Project Team

E. John Wherry PhD: Professor and Chair, Department of Systems Pharmacology and Translational Therapeutics, Director Institute for Immunology, UPENN

Mark Painter PhD: Postdoctoral fellow, Wherrylab. Expertise in human T cell biology and SARS-CoV-2 vaccine responses

Allie Greenplate PhD: Adjunct Assistant Professor, Department of Systems Pharmacology and Translational Therapeutics, Director Immune Health Platform, UPENN

Nuala Meyer MD, MS: Associate Professor of Medicine, Division of Critical Care, UPENN

Ben Abramoff MD, MS: Assistant Professor of Clinical Physical Medicine and Rehabilitation and Director of the Post-COVID Assessment and Recovery Clinic, UPENN

Michael Harhay PhD, MPH: Assistant Professor of Epidemiology and Medicine, UPENN

Project Summary:

Project lead Dr. John Wherry

This project will determine if CD8 T cells specific for SARS-CoV-2 proteins can be used as blood-based biosensors of SARS-CoV-2 persistence in individuals with Long COVID. The project team will use advanced methods including high resolution profiling of SARS-CoV-2 specific CD8 T cell populations in Long COVID individuals versus controls to identify differences in numbers and/or activation state that might indicate evidence of SARS-CoV-2 persistence. They will additionally employ transcriptional profiling to interrogate T cell perception of viral persistence in Long COVID. This will be achieved by isolating SARS-CoV-2 specific CD8 T cells and performing advanced sequencing to define changes that might occur in Long COVID patients. 

 Project background: 

A central area of Long COVID research centers on determining if patients with the condition continue to harbor the SARS-CoV-2 virus in a persistent “reservoir” after acute infection. The adaptive immune response can be used as a sensitive detector of viral persistence because, with transcription-based technologies, scientists can elucidate the specific stage of a T cell’s lifespan, including the very recent detection of a specific antigen (such as that created by SARS-CoV-2). It follows that T cell activity and status can be measured to infer the presence of a viral reservoir in Long COVID individuals. 

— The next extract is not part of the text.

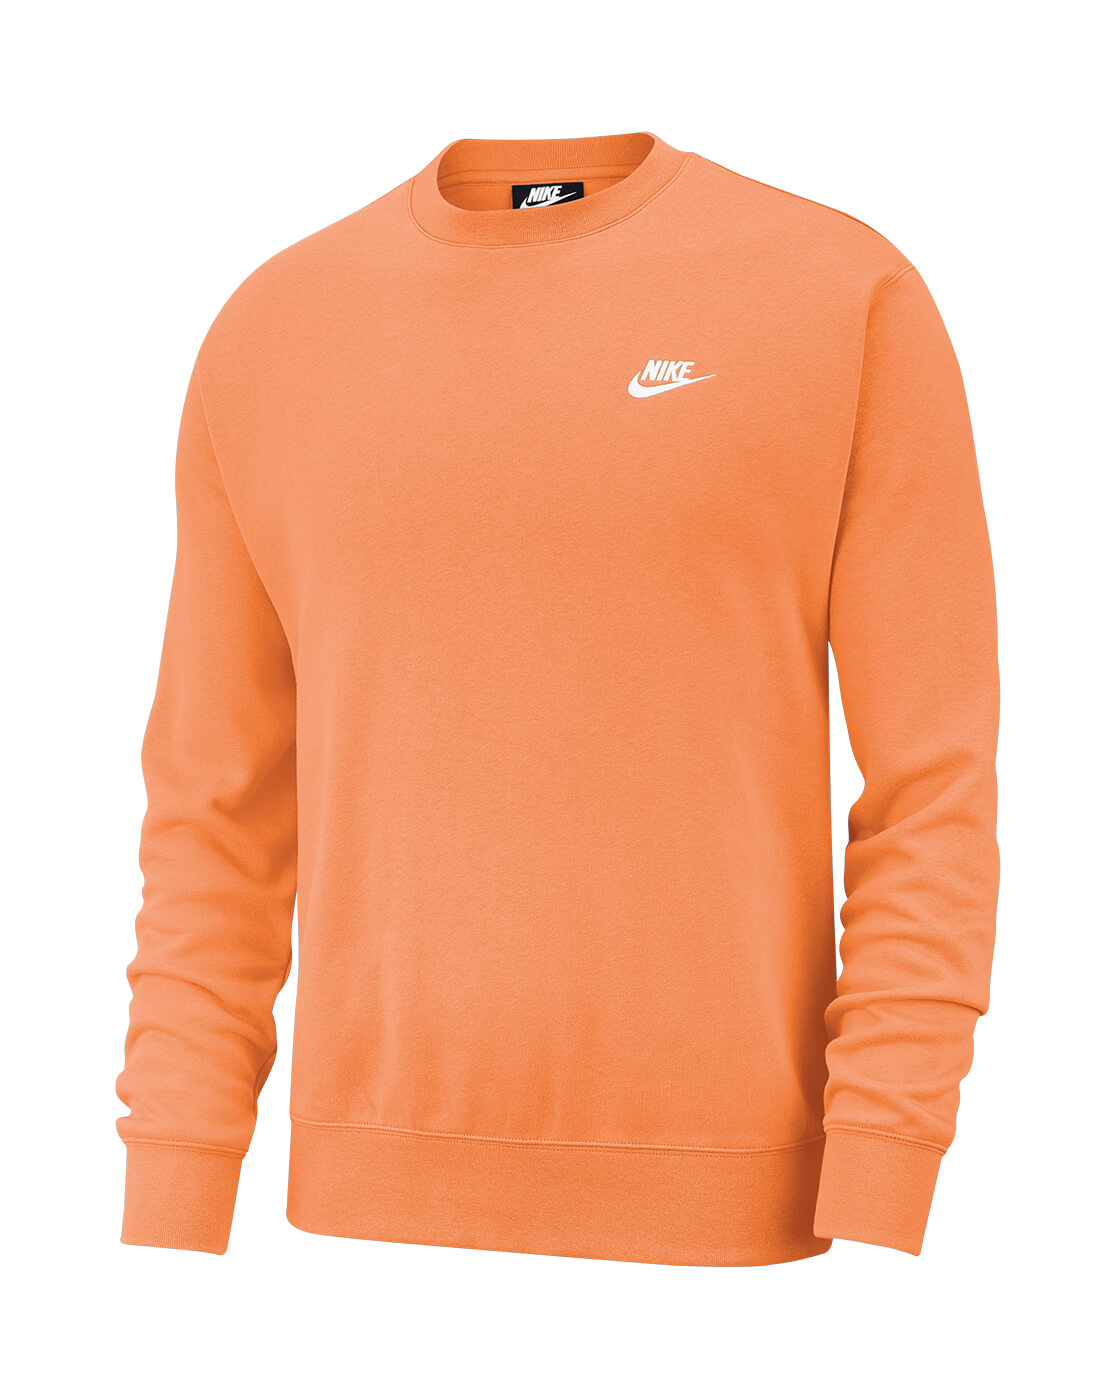 nike sweater orange

The project team members have decades of experience in the study of T cell activity in chronic viral infection. They have recently taken advantage of these properties of T cells to interrogate T cell activity in several different settings of human biology including using T cells as sensitive probes of influenza vaccine responses, to predict adverse events in cancer immunotherapy, and as biosensors of aging. They will now exploit this concept to investigate if T cell responses (including in response to specific SARS-CoV-2 antigens) can be measured in Long COVID individuals to serve as biosensors of SARS-CoV-2 persistence. The results should provide new insights into persisting viruses as a potential mechanism of Long COVID and would support (or potentially refute) future approaches such as antiviral therapy and/or therapeutic vaccination in Long COVID.